Staunch conservatives, though, have an advantage of their own. They get to say “No”, also without a great deal of thought. Now, I’m not saying that every time anyone says “No,” it is always without thought. Sometimes, a lot of thought goes into an answer and it remains “No.” But just as theological liberals seem to have a knee-jerk reaction to say “Yes” when the world presses on, theological conservatives just as easily say “No.” They assume, with perhaps too much ease, that they know the Bible and the God of the Bible well enough to be in the right virtually all of the time. And when moral issues are also social and political issues, the conservative takes his moral certainty into those spheres with equal confidence.

The problem with always saying “Yes”, of course, is that it will not be long before God’s revealed Law will be violated. To be faithful to God simply demands the drawing of boundaries and saying “No.” and probably pretty often as the world gets increasingly immune, ignorant and spiteful towards God’s Law. Every Christian will have to choose between what God has revealed and what the world wants, and that will involve in many cases fighting for the “status quo”. Of course, it should go without saying that the status quo isn’t always bad, and change isn’t always good.

The problem with always saying “No”, though, is that Christian ministry is not as easy as saying “No” in every situation.
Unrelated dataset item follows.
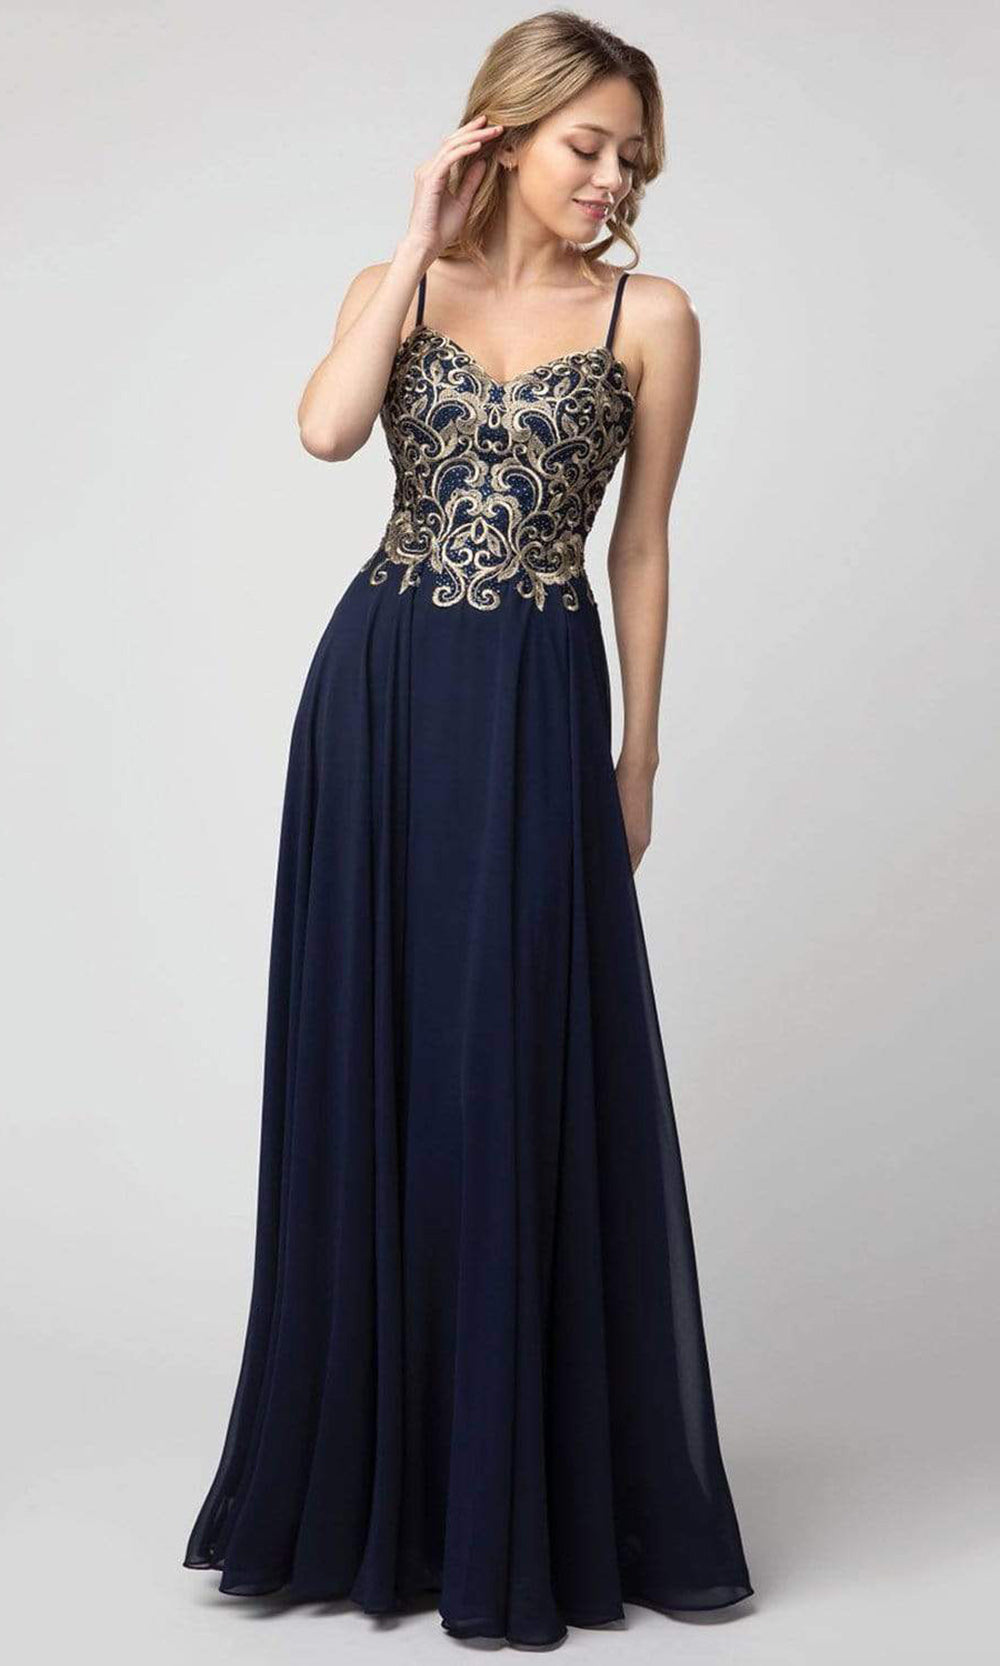 Shail K - Sweetheart Gilt-Embroidered Bodice Dress In Blue

It is often the right answer, but a lot of Christian ministry is actually done in that uncomfortable in-between place where moral ambiguity and real world choices are already at play. Saying “No” is just as emotionally satisfying and popularly defensible as saying “Yes”, just for different reasons. For example, no one can accuse you of being a liberal, even if they could say you are hard-hearted. But sometimes, a “Yes” needs to be offered to accomplish actual ministry.

When a couple is ready to be married but they are already living together; when a church member makes a mistake, but they are retained as members; when a non-Lutheran comes to the Lord’s Supper with his or her hand out. These are just a few small examples of when it might be easy or tempting to say “No” but for the sake of ministering to real people situations, you say, “Yes.”

So if you want to do ministry, or you want to be active in a church that does real ministry among real people, there will not always be easy answers. Jesus said that our “Yes” should be “Yes” and our “No” should be “No.” And so they should. We should be people of our word and clarity of thought, and the drawing of boundaries is critical to a consistent life. But the easy path is always to say “Yes” or always to say “No.” I ask you to carefully consider Christ who refused to minister among hurting people in such a reductionist way. There are times to be absolutely clear about what is right and wrong. And there are times to come alongside those who may not be in the right, but are seeking to be closer to God.